>>>>>

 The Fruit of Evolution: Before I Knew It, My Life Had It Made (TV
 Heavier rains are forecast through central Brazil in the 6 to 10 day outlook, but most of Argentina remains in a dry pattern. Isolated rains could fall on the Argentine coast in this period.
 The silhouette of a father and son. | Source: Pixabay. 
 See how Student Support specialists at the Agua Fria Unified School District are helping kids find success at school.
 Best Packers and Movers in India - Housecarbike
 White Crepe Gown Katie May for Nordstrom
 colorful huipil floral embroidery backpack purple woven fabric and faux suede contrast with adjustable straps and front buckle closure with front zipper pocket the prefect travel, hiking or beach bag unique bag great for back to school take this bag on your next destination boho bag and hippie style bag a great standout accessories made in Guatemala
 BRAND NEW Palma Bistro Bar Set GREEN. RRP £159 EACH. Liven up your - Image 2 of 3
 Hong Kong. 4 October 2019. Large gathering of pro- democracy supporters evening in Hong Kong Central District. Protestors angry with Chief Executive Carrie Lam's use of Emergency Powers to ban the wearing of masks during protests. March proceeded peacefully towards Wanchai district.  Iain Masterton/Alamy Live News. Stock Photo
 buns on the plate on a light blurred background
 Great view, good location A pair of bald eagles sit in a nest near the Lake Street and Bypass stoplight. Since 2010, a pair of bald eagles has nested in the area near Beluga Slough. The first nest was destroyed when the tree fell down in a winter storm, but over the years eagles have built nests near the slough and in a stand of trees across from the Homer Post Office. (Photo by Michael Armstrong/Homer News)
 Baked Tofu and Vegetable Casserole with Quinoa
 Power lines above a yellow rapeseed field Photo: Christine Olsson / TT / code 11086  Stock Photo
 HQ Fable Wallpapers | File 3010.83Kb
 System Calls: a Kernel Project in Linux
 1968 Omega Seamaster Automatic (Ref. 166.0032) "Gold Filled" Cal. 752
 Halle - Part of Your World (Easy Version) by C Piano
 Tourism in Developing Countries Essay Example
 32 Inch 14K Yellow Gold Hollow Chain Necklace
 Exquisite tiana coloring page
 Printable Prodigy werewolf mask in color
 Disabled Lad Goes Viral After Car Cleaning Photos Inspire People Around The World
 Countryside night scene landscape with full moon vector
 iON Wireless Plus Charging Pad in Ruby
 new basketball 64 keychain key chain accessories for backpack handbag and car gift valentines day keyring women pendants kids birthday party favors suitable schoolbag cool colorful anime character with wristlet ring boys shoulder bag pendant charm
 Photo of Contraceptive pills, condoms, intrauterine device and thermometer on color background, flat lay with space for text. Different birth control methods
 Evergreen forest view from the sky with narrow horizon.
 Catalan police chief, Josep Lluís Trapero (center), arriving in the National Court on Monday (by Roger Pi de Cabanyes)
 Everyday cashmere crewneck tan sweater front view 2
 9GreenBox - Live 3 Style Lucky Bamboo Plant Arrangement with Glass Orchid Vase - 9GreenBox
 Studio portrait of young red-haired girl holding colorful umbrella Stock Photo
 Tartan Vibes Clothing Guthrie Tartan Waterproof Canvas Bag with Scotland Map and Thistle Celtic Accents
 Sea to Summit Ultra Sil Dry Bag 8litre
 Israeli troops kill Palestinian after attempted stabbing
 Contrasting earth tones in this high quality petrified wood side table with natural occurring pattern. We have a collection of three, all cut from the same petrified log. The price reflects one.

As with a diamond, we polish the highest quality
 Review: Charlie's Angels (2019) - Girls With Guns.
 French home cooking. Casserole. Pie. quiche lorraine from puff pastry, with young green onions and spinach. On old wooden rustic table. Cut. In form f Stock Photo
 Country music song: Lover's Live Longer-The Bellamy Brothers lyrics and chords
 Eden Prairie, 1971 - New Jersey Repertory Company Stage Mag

<<<<<

> **THE PROBLEM**
The entries above need to be transcribed with no differences at all.

> **RESPONSE**
 The Fruit of Evolution: Before I Knew It, My Life Had It Made (TV
 Heavier rains are forecast through central Brazil in the 6 to 10 day outlook, but most of Argentina remains in a dry pattern. Isolated rains could fall on the Argentine coast in this period.
 The silhouette of a father and son. | Source: Pixabay. 
 See how Student Support specialists at the Agua Fria Unified School District are helping kids find success at school.
 Best Packers and Movers in India - Housecarbike
 White Crepe Gown Katie May for Nordstrom
 colorful huipil floral embroidery backpack purple woven fabric and faux suede contrast with adjustable straps and front buckle closure with front zipper pocket the prefect travel, hiking or beach bag unique bag great for back to school take this bag on your next destination boho bag and hippie style bag a great standout accessories made in Guatemala
 BRAND NEW Palma Bistro Bar Set GREEN. RRP £159 EACH. Liven up your - Image 2 of 3
 Hong Kong. 4 October 2019. Large gathering of pro- democracy supporters evening in Hong Kong Central District. Protestors angry with Chief Executive Carrie Lam's use of Emergency Powers to ban the wearing of masks during protests. March proceeded peacefully towards Wanchai district.  Iain Masterton/Alamy Live News. Stock Photo
 buns on the plate on a light blurred background
 Great view, good location A pair of bald eagles sit in a nest near the Lake Street and Bypass stoplight. Since 2010, a pair of bald eagles has nested in the area near Beluga Slough. The first nest was destroyed when the tree fell down in a winter storm, but over the years eagles have built nests near the slough and in a stand of trees across from the Homer Post Office. (Photo by Michael Armstrong/Homer News)
 Baked Tofu and Vegetable Casserole with Quinoa
 Power lines above a yellow rapeseed field Photo: Christine Olsson / TT / code 11086  Stock Photo
 HQ Fable Wallpapers | File 3010.83Kb
 System Calls: a Kernel Project in Linux
 1968 Omega Seamaster Automatic (Ref. 166.0032) "Gold Filled" Cal. 752
 Halle - Part of Your World (Easy Version) by C Piano
 Tourism in Developing Countries Essay Example
 32 Inch 14K Yellow Gold Hollow Chain Necklace
 Exquisite tiana coloring page
 Printable Prodigy werewolf mask in color
 Disabled Lad Goes Viral After Car Cleaning Photos Inspire People Around The World
 Countryside night scene landscape with full moon vector
 iON Wireless Plus Charging Pad in Ruby
 new basketball 64 keychain key chain accessories for backpack handbag and car gift valentines day keyring women pendants kids birthday party favors suitable schoolbag cool colorful anime character with wristlet ring boys shoulder bag pendant charm
 Photo of Contraceptive pills, condoms, intrauterine device and thermometer on color background, flat lay with space for text. Different birth control methods
 Evergreen forest view from the sky with narrow horizon.
 Catalan police chief, Josep Lluís Trapero (center), arriving in the National Court on Monday (by Roger Pi de Cabanyes)
 Everyday cashmere crewneck tan sweater front view 2
 9GreenBox - Live 3 Style Lucky Bamboo Plant Arrangement with Glass Orchid Vase - 9GreenBox
 Studio portrait of young red-haired girl holding colorful umbrella Stock Photo
 Tartan Vibes Clothing Guthrie Tartan Waterproof Canvas Bag with Scotland Map and Thistle Celtic Accents
 Sea to Summit Ultra Sil Dry Bag 8litre
 Israeli troops kill Palestinian after attempted stabbing
 Contrasting earth tones in this high quality petrified wood side table with natural occurring pattern. We have a collection of three, all cut from the same petrified log. The price reflects one.

As with a diamond, we polish the highest quality
 Review: Charlie's Angels (2019) - Girls With Guns.
 French home cooking. Casserole. Pie. quiche lorraine from puff pastry, with young green onions and spinach. On old wooden rustic table. Cut. In form f Stock Photo
 Country music song: Lover's Live Longer-The Bellamy Brothers lyrics and chords
 Eden Prairie, 1971 - New Jersey Repertory Company Stage Mag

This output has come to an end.